((
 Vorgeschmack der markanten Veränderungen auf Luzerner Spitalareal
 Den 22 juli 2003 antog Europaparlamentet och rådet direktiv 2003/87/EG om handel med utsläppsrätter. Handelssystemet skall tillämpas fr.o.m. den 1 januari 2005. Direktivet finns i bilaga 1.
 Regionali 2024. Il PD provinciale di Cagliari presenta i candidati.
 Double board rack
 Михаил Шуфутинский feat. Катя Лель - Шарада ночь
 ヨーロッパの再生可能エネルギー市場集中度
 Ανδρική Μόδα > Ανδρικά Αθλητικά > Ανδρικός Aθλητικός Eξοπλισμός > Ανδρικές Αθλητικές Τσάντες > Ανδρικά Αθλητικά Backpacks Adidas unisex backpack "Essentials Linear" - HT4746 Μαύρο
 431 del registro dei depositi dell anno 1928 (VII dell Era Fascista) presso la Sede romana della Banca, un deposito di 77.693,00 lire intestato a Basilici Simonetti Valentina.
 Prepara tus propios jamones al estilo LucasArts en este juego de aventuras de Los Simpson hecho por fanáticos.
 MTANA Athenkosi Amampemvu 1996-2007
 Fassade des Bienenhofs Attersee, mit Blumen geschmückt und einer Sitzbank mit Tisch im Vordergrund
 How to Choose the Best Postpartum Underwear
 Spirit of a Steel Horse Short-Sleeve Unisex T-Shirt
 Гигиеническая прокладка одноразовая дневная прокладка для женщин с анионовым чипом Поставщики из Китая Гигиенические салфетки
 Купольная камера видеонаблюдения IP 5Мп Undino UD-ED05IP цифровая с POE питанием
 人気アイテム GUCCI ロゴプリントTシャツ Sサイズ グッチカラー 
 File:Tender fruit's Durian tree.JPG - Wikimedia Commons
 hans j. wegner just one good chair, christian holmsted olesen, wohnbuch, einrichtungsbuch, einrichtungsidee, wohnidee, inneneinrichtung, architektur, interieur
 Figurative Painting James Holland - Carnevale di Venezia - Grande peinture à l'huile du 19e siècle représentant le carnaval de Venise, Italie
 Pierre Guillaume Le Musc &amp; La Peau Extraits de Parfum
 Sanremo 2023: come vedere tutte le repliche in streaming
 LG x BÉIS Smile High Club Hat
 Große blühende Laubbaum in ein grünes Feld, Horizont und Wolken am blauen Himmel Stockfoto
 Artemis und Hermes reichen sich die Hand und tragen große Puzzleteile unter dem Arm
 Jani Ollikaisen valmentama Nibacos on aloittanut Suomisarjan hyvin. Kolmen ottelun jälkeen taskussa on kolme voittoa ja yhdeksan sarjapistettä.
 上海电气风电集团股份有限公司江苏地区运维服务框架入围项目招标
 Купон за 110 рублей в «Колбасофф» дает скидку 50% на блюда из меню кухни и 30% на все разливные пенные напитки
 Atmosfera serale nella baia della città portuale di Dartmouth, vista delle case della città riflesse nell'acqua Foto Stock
))
▶ Required work
Only the lines from the one with "File:Tender fruit's Durian" through the end of the listing should be output, exactly as they appear.

▶ Response area
 File:Tender fruit's Durian tree.JPG - Wikimedia Commons
 hans j. wegner just one good chair, christian holmsted olesen, wohnbuch, einrichtungsbuch, einrichtungsidee, wohnidee, inneneinrichtung, architektur, interieur
 Figurative Painting James Holland - Carnevale di Venezia - Grande peinture à l'huile du 19e siècle représentant le carnaval de Venise, Italie
 Pierre Guillaume Le Musc &amp; La Peau Extraits de Parfum
 Sanremo 2023: come vedere tutte le repliche in streaming
 LG x BÉIS Smile High Club Hat
 Große blühende Laubbaum in ein grünes Feld, Horizont und Wolken am blauen Himmel Stockfoto
 Artemis und Hermes reichen sich die Hand und tragen große Puzzleteile unter dem Arm
 Jani Ollikaisen valmentama Nibacos on aloittanut Suomisarjan hyvin. Kolmen ottelun jälkeen taskussa on kolme voittoa ja yhdeksan sarjapistettä.
 上海电气风电集团股份有限公司江苏地区运维服务框架入围项目招标
 Купон за 110 рублей в «Колбасофф» дает скидку 50% на блюда из меню кухни и 30% на все разливные пенные напитки
 Atmosfera serale nella baia della città portuale di Dartmouth, vista delle case della città riflesse nell'acqua Foto Stock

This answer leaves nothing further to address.